Today I am referring to Law 42/98 and to contracts signed between the 5th January 1999 and the 17th March 2012. I have received lately many questions about which Courts should know about which contracts. Questions such as:
My resort is in Spain but its jurisdiction is outside of Spain does this mean that Law 42/98 does not apply to my resort? Or my Timeshare Company has a number of resorts and some are based in Spain. If my Timeshare Company has a floating week system or a Points based system but the jurisdiction is outside of Spain can the Law of 42/98 apply?

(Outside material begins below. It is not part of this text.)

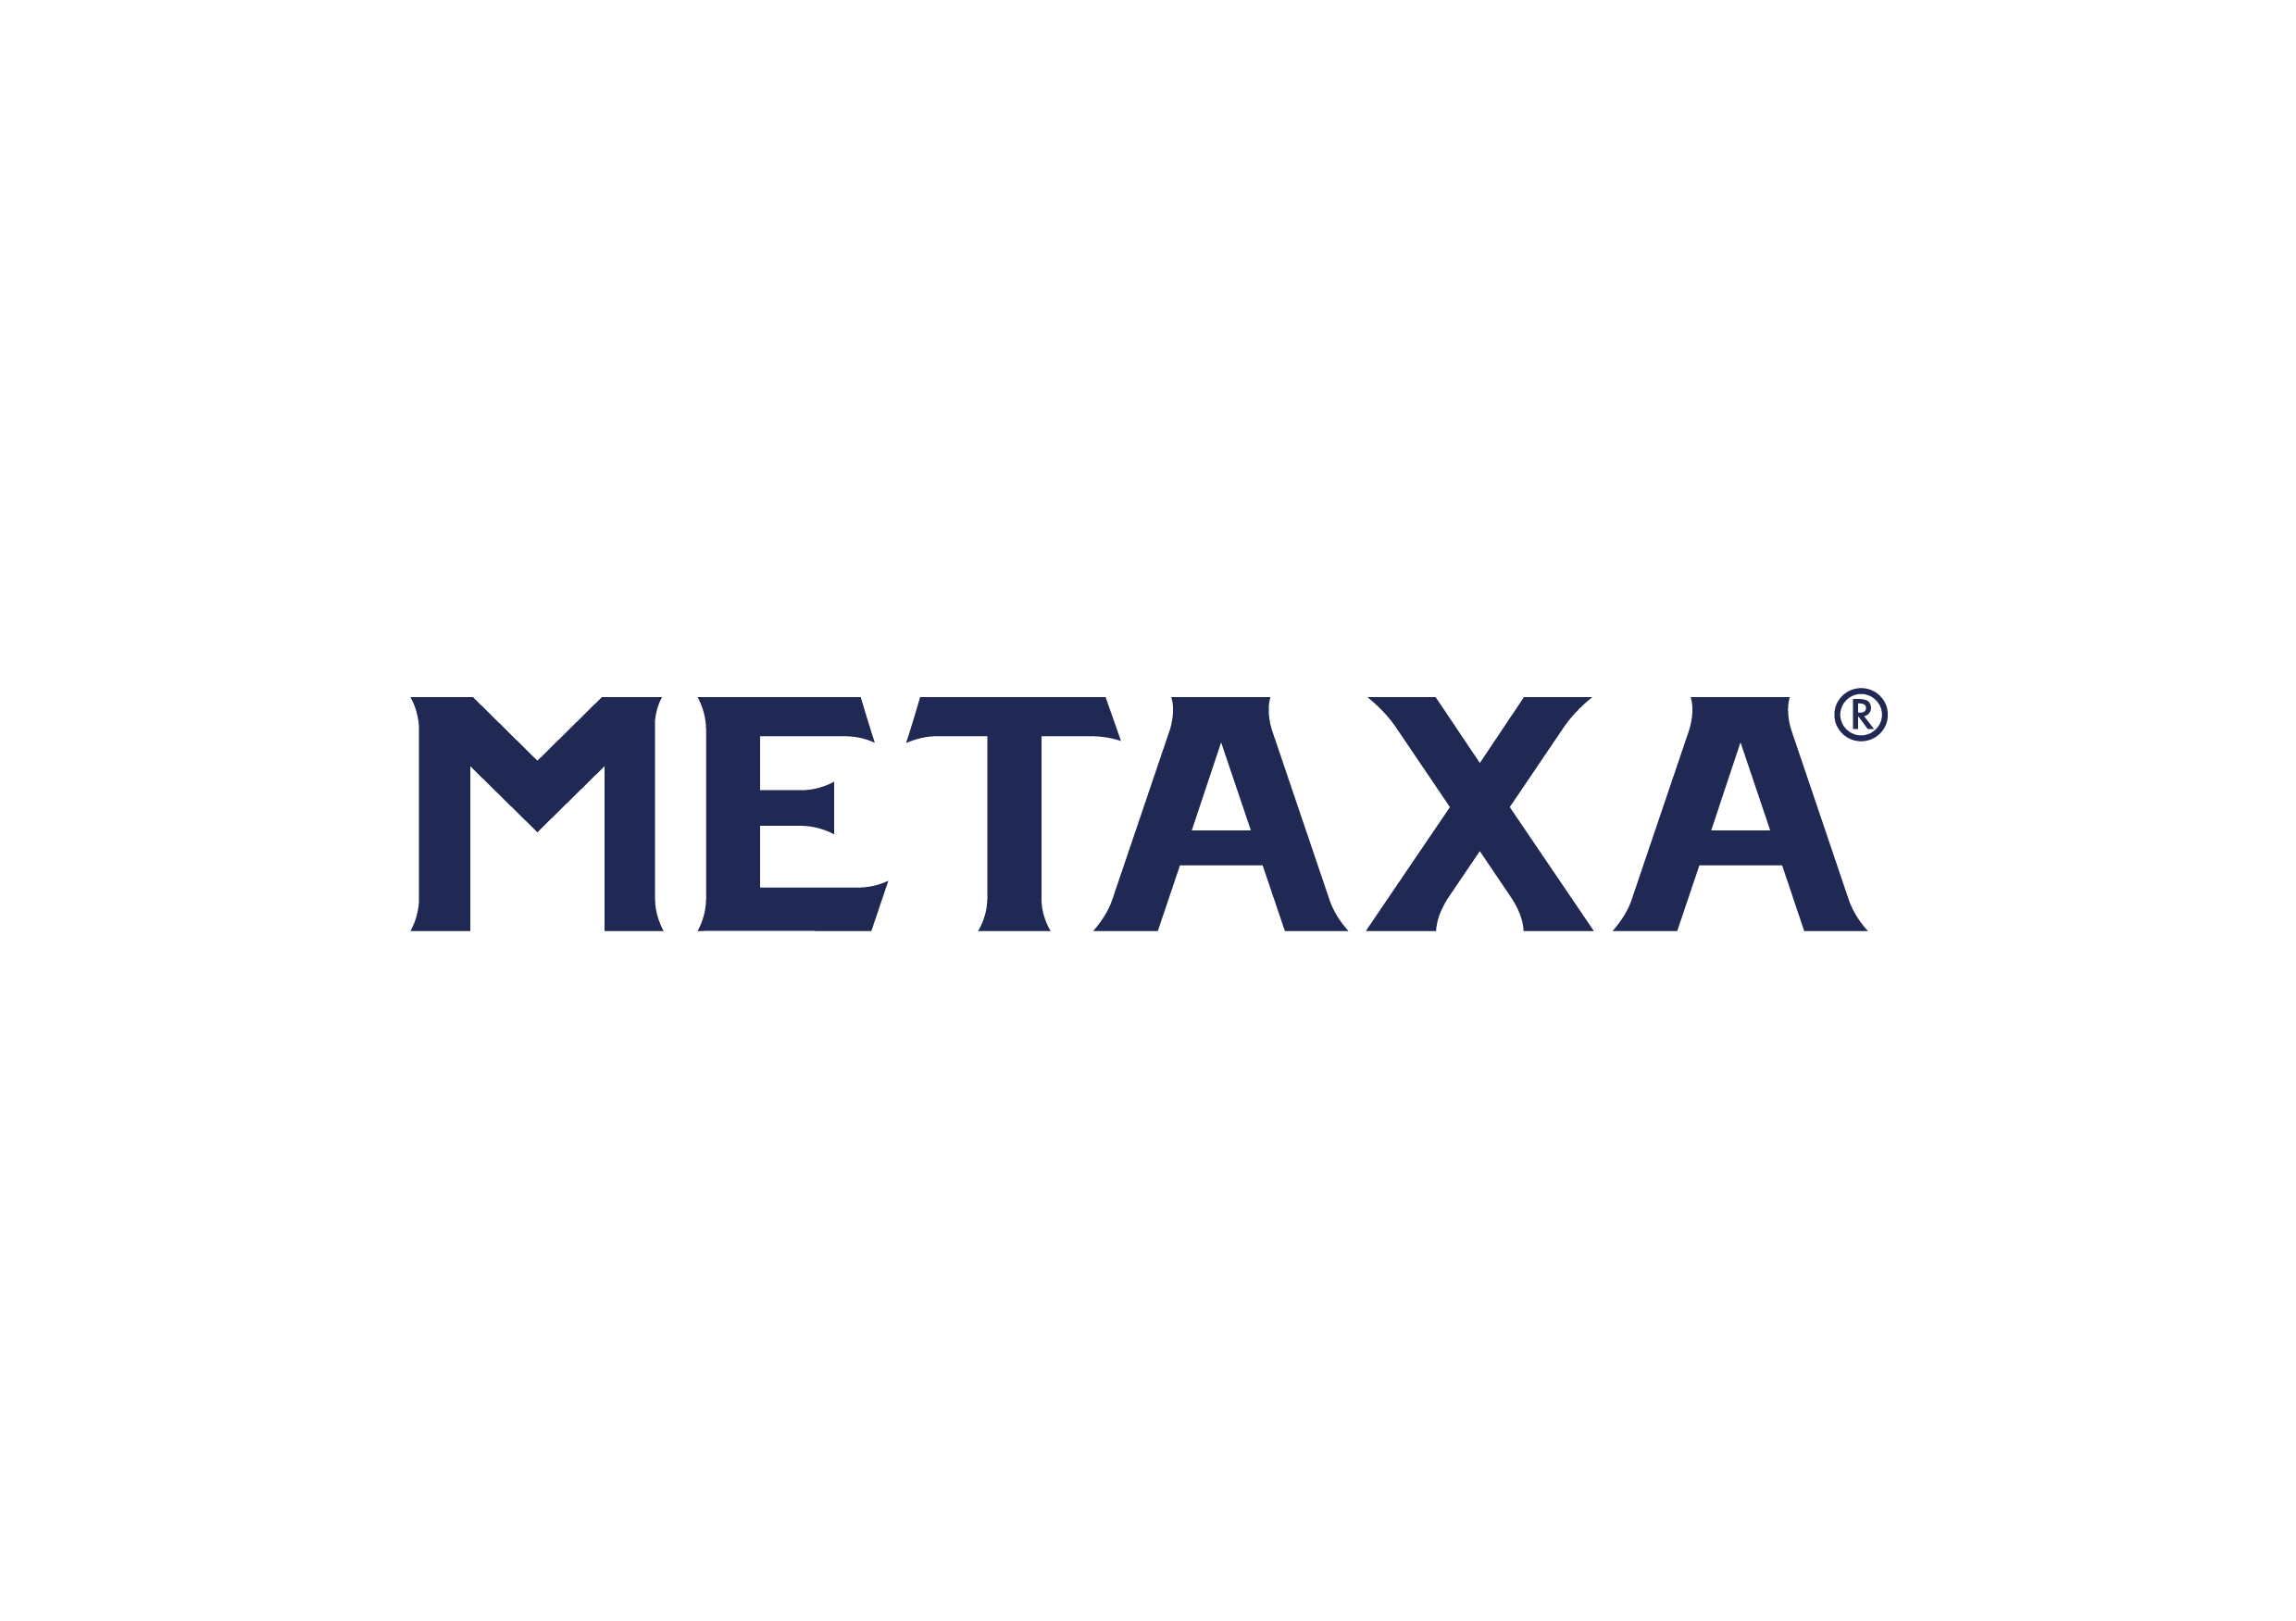 metaxa
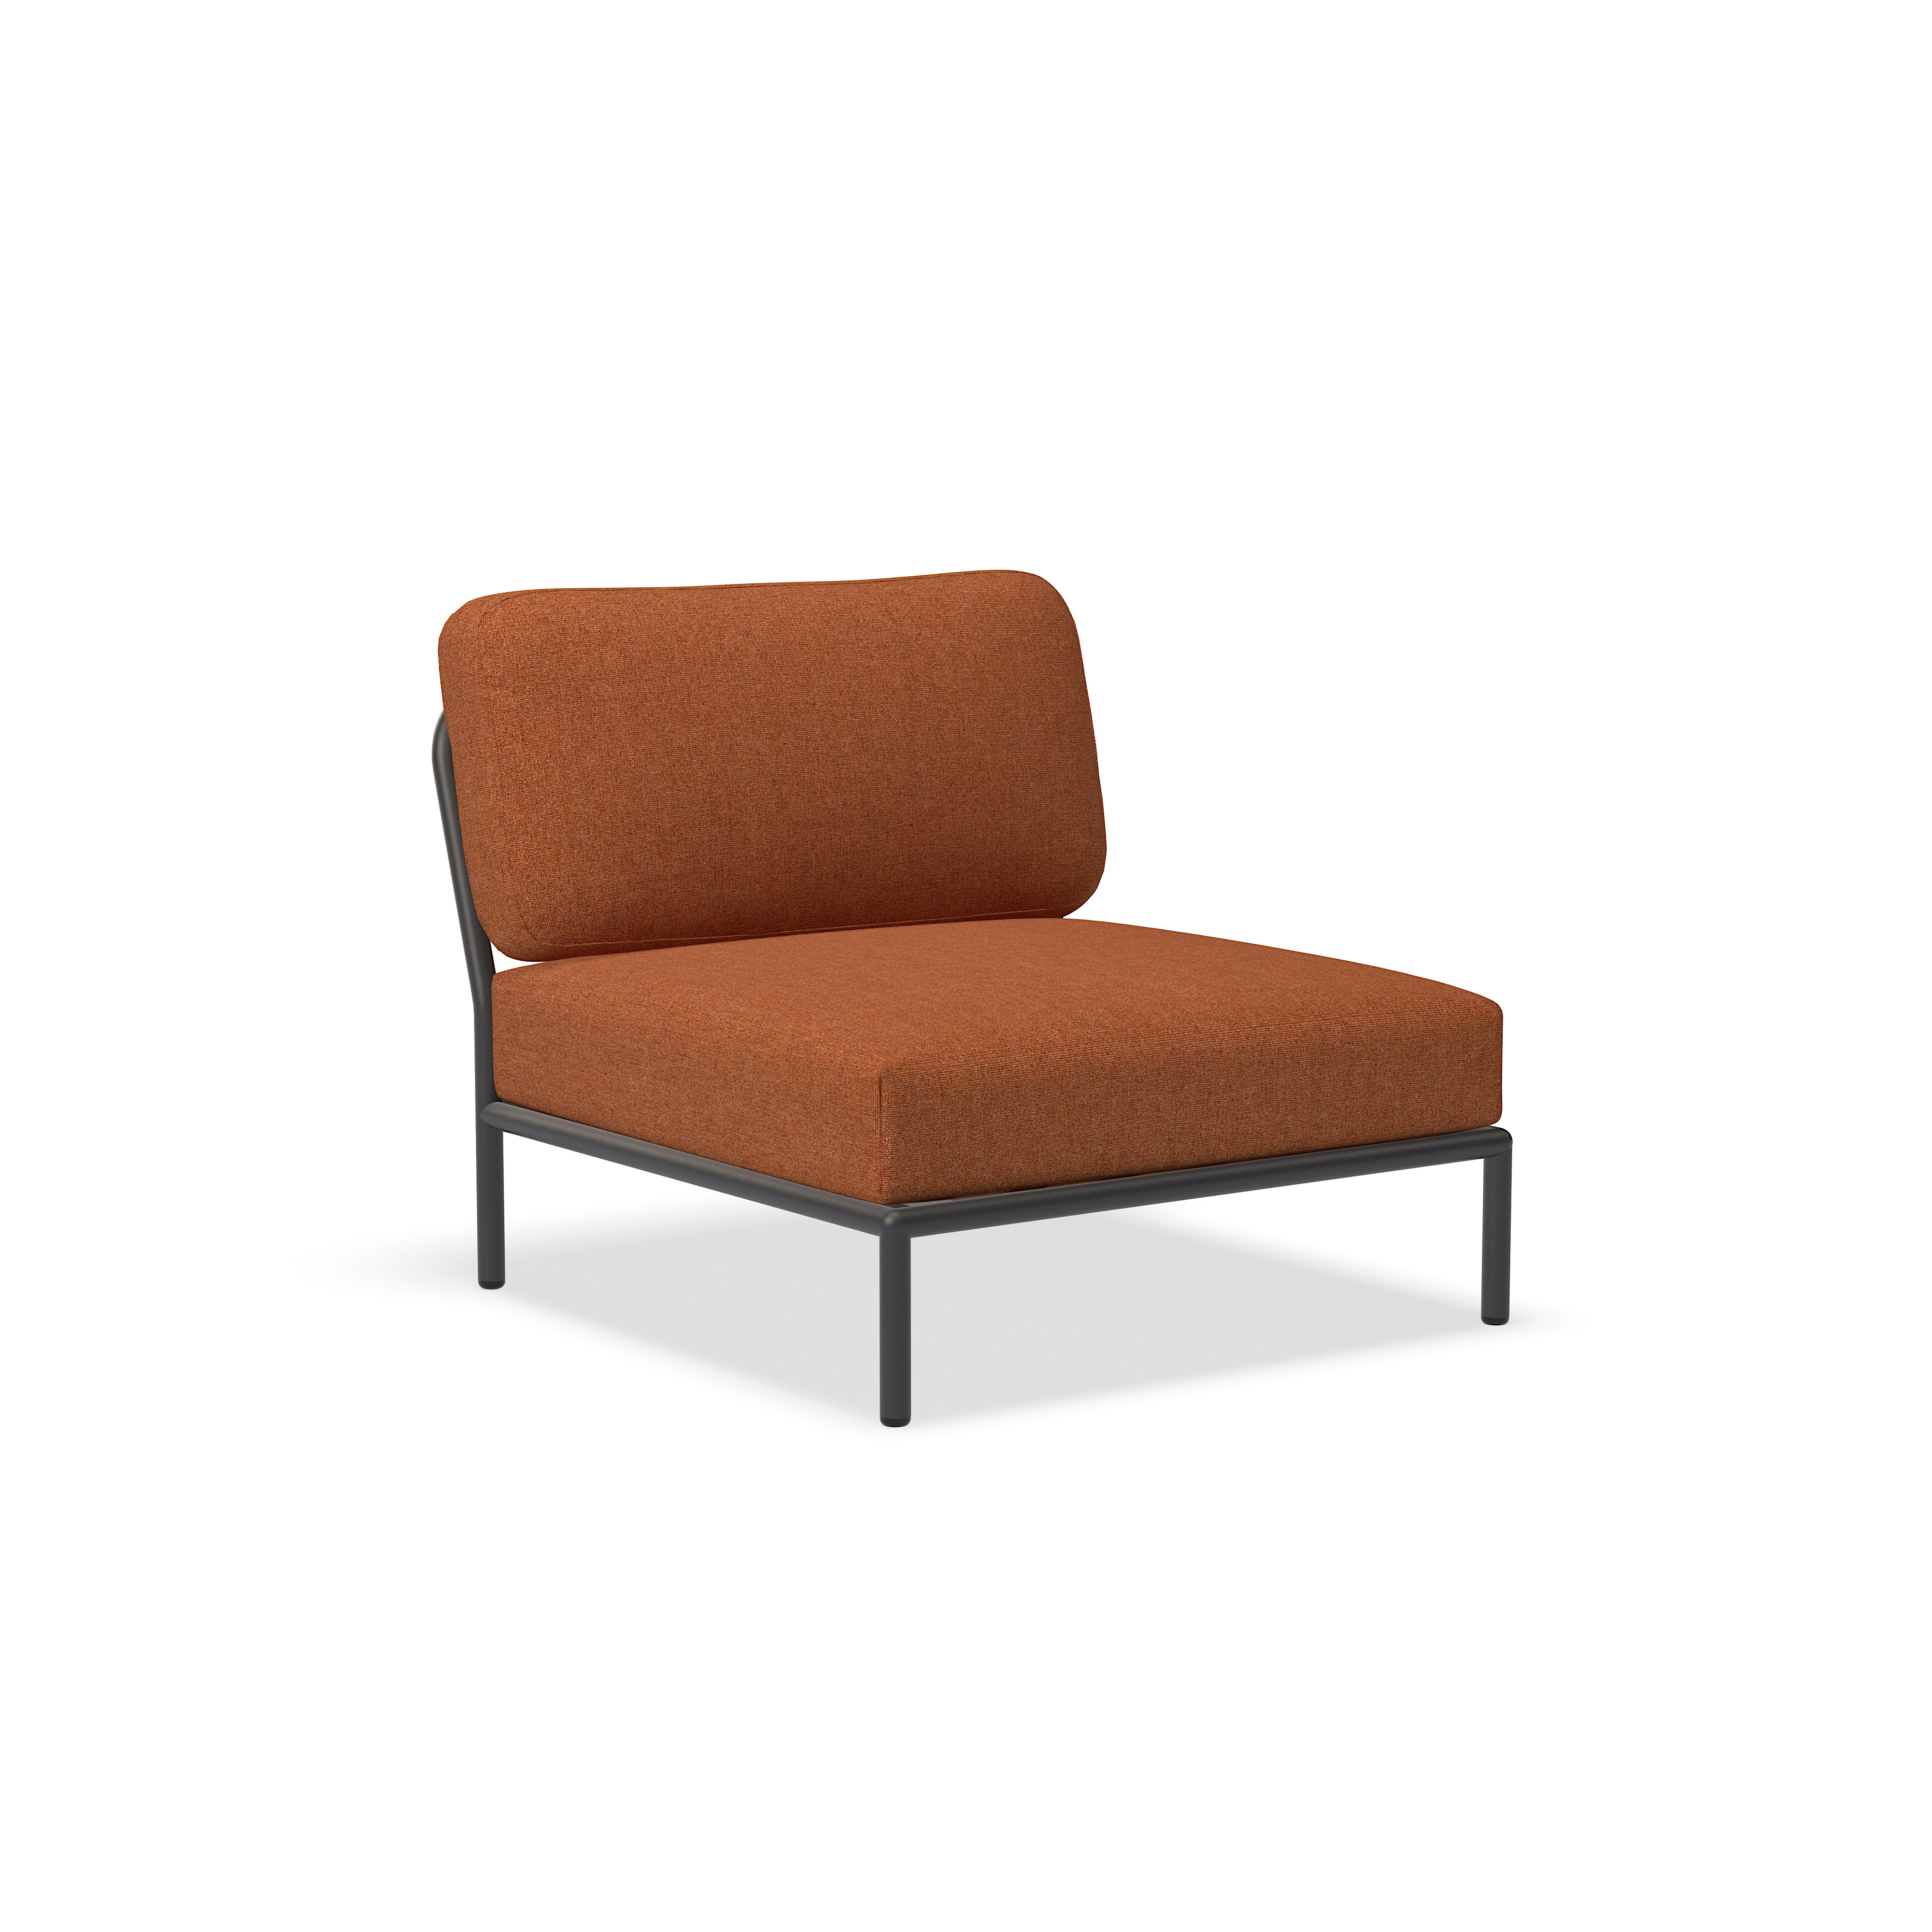 الكرسي - 12205-1751 - كرسي ، صدأ (HERITAGE) ، هيكل رمادي غامق

The first thing we should leave crystal clear is that any Timeshare company operating in Spain, with a Club in Spain, has to operate according to the Spanish Law. Law 42/98 reflects this in its Second Additional Provision. The title of this Provision is "Imperative nature of the Law". Its content says, "Any contracts relating to the use of one or more properties situated in Spain for a determined or determinable period of the year shall be subject to this Law, whatever the place and date of signature thereof". The legal issue is that if a “trader” markets weeks of a Club/Resort based in Spain, the applicable Law is the one of Spain, it doesn’t matter if they submit the jurisdiction to other places and it doesn't matter if the contract was signed in Spain or not.
Anyway, if you signed the contract in Spain, with a Spanish company, your case will be easier to defend before a Spanish Court than if you signed it outside Spain with a foreign company. In the second case, the defendant will surely propose a refusal of jurisdiction trying to avoid the applicability of the Spanish legislation.